Reading the corresponding N-bit instructions stored therein by using the compression instructions when the N-bit instructions are K compression instructions, and

And a second decoding step of decoding the read N-bit instructions into sequentially executable command codes.

20. The method of claim 19, further comprising: storing the fetched N bits of instructions temporarily;

And a transferring step of transferring the N-bit instruction stored in the storing step to either the first decoding step or the reading step according to the determination result of the determining step.

The reading step sequentially reads K N-bit instructions stored at the corresponding addresses by using the K (N / K) bit compression instructions transmitted in the transferring step as address signals.

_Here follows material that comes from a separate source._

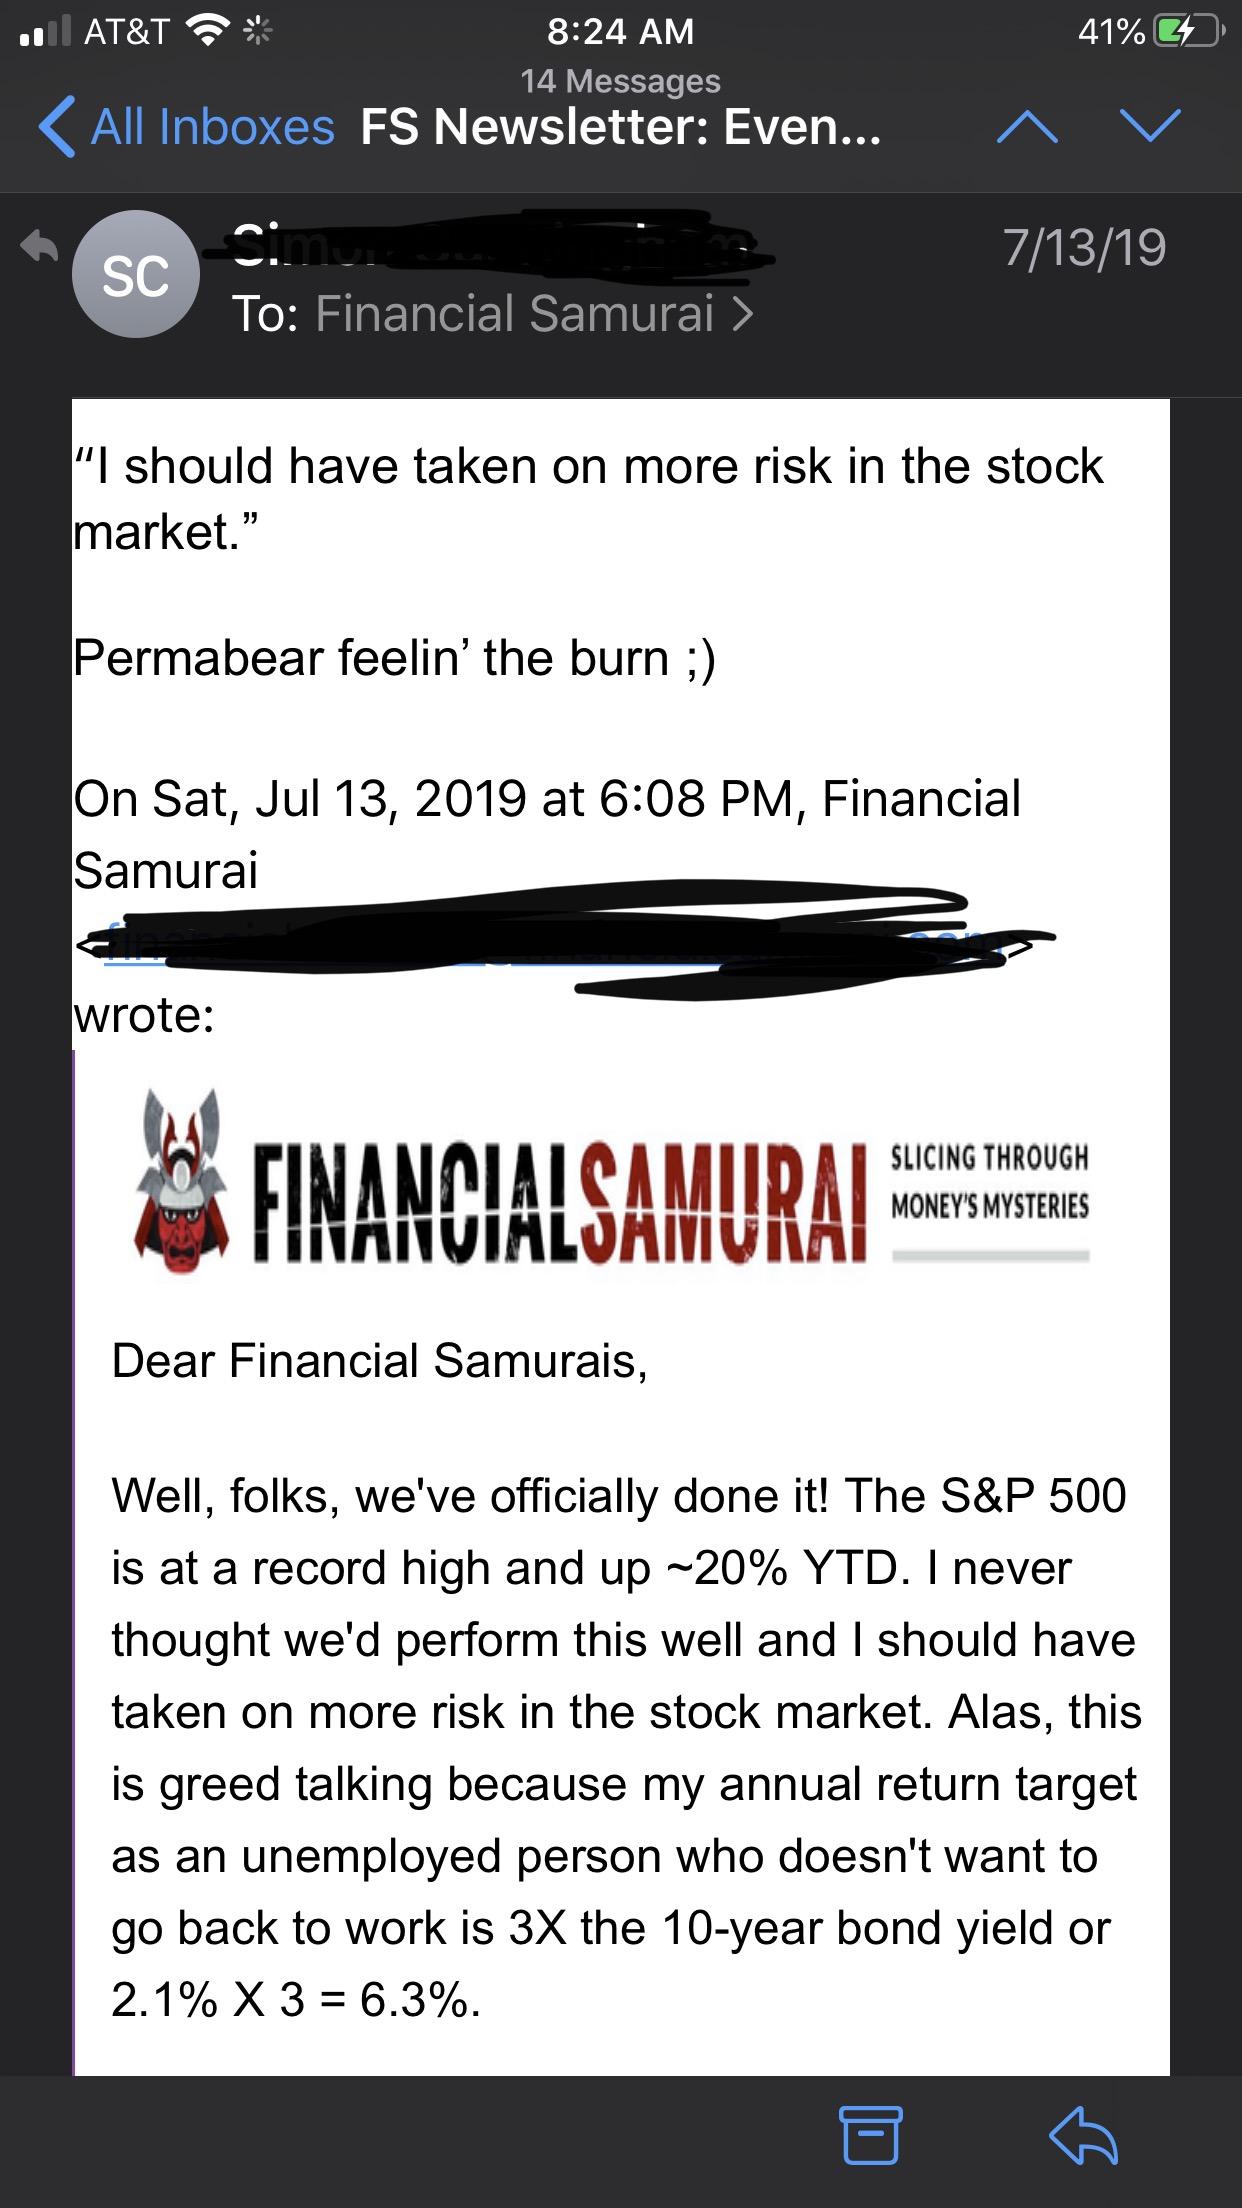 Making fun of Financial Samurai

How to reduce length.

21. The central processing unit instruction of claim 19 or 20, wherein the determination of the determining step is determined by the programmer by a mode setting instruction that defines the normal instruction and the compression instruction in the instruction sequence. How to reduce length.

22. The method of claim 21, wherein the external storage means and the internal storage means are nonvolatile semiconductor memories.

The method of claim 21, wherein the internal storage means is a volatile semiconductor memory,

And said second storing step loads said N-bit instructions from an external system memory at system boot time.

21. A method according to claim 19 or 20, wherein N is a multiple of 8 and K is a multiple of four.